------ INFORMATION SUPPLIED ------

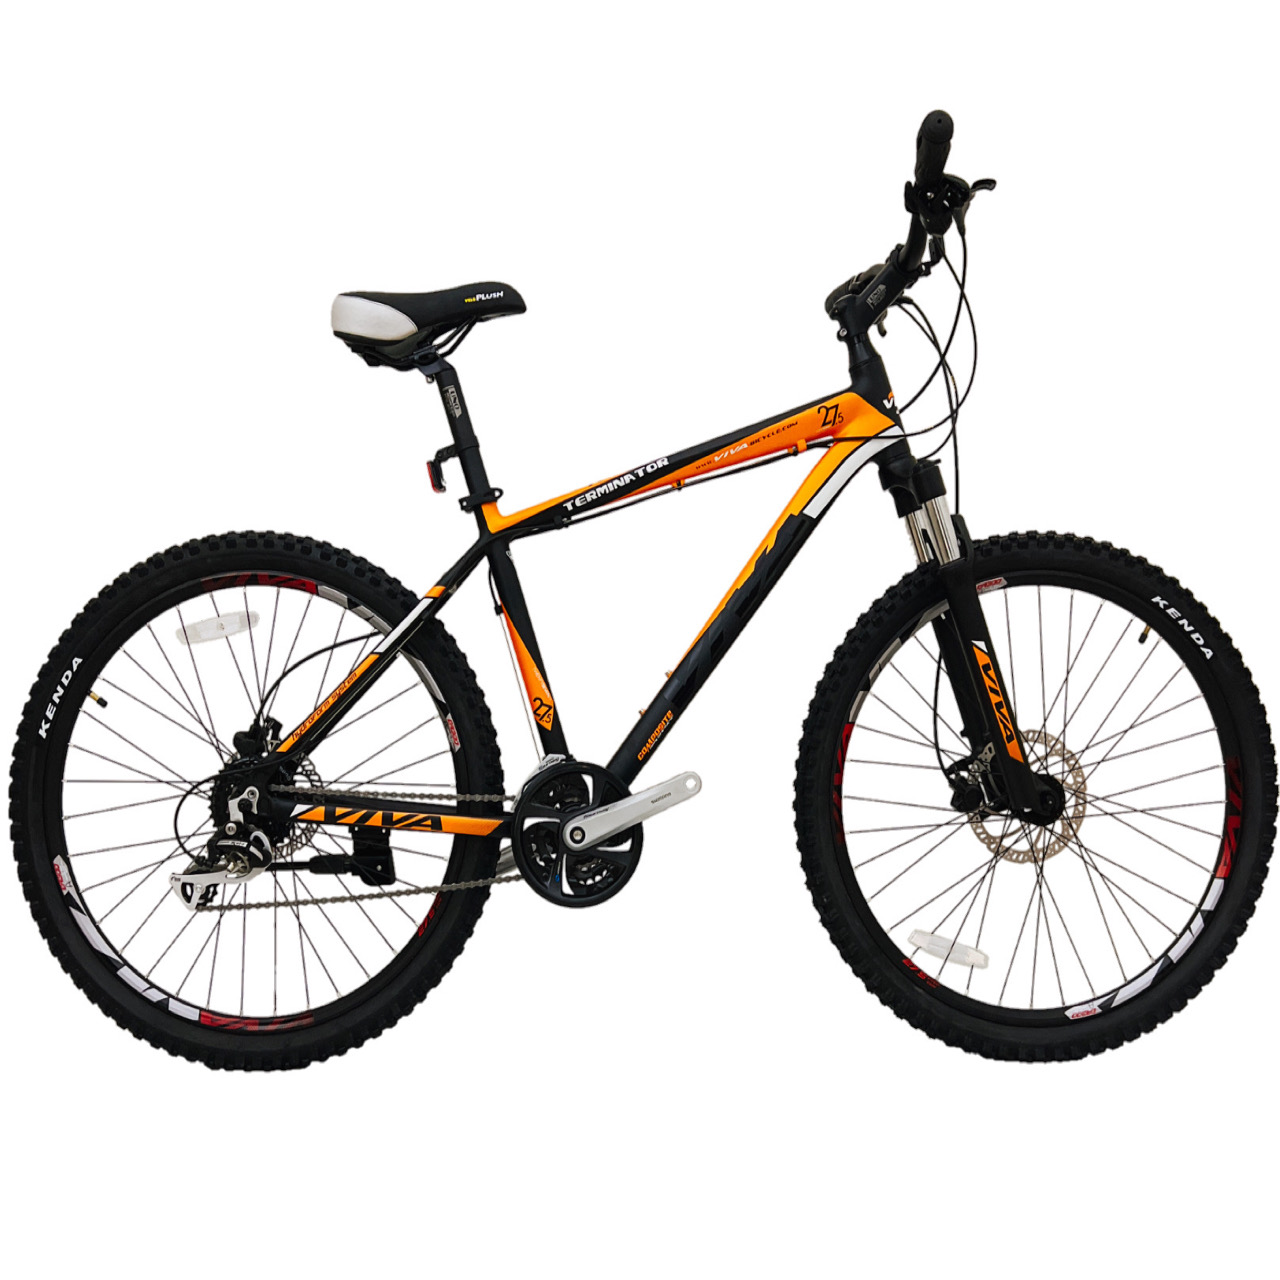 نکته خرید - قیمت روز دوچرخه کوهستان ویوا مدل TERMINATOR کد هیدرولیک سایز 27.5 خرید
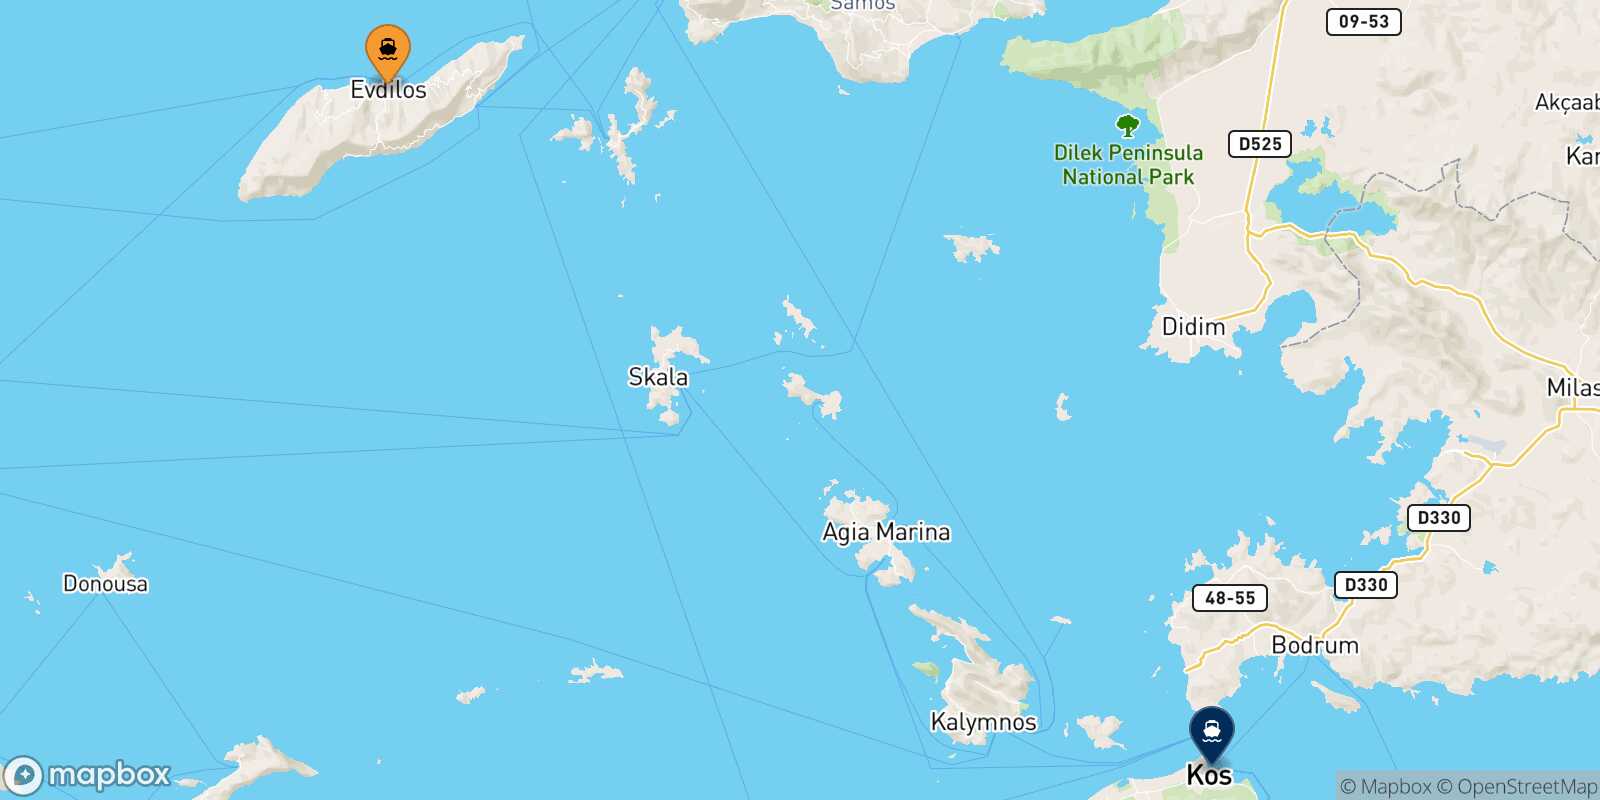 Mapa de la ruta Evdilos (Ikaria) Kos
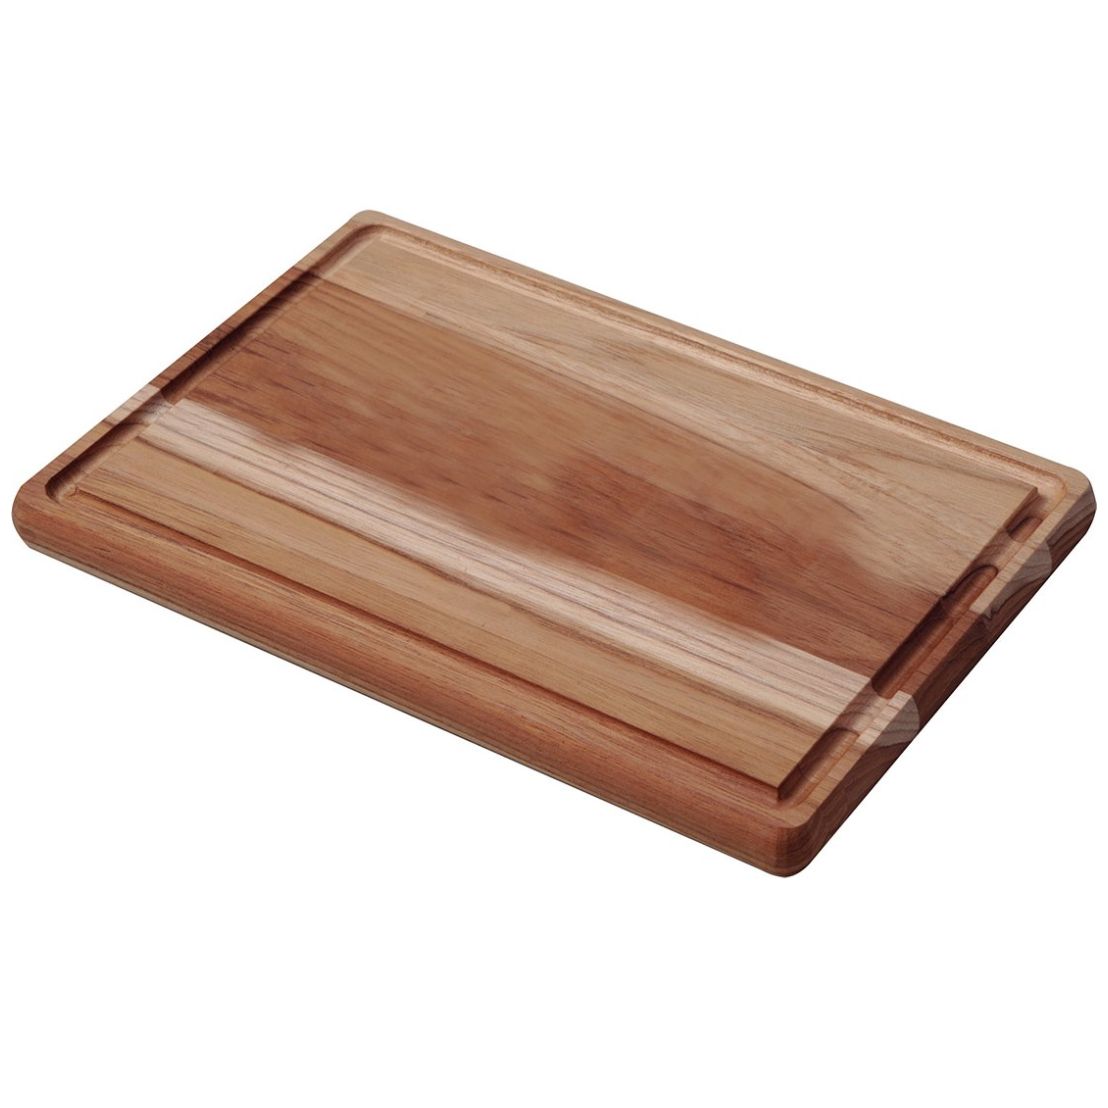 Tablas de madera para Picar - Asado - Cocina
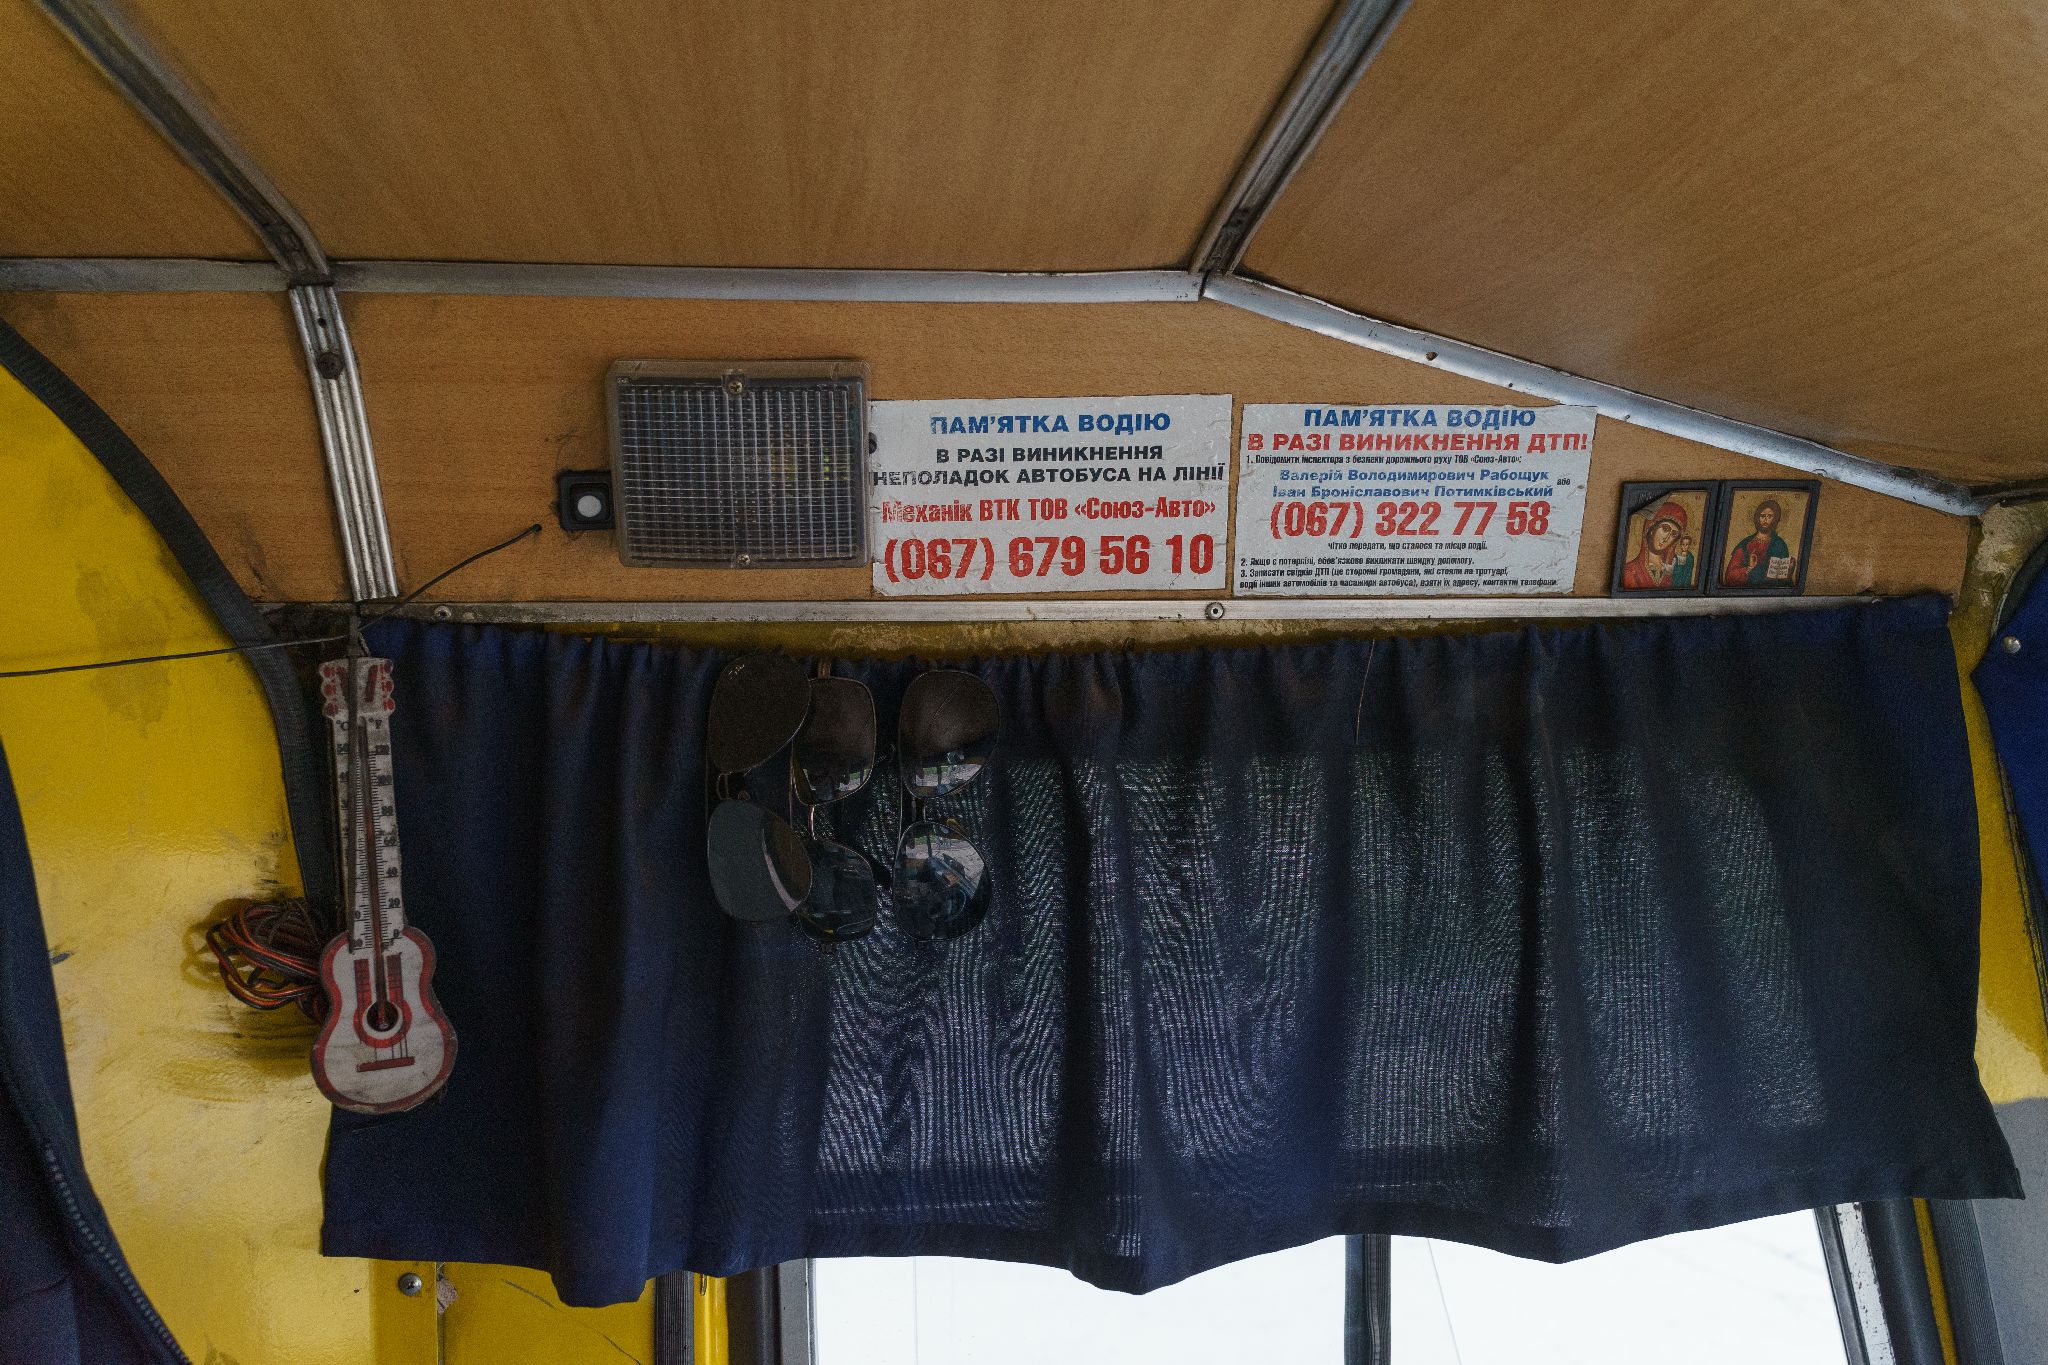 Декор в київських автобусах, Київ, жовтень 2021 року. Фото: Дмитро Пруткін

------

TASK OBJECTIVE: Reproduce exactly the lines above from the one with "Mapa de la ruta Evdilos (Ikaria) Kos" through the last line of the data, keeping both ends and dropping the pictures.

FINISHED EXERCISE:
 Mapa de la ruta Evdilos (Ikaria) Kos
 Tablas de madera para Picar - Asado - Cocina
 Декор в київських автобусах, Київ, жовтень 2021 року. Фото: Дмитро Пруткін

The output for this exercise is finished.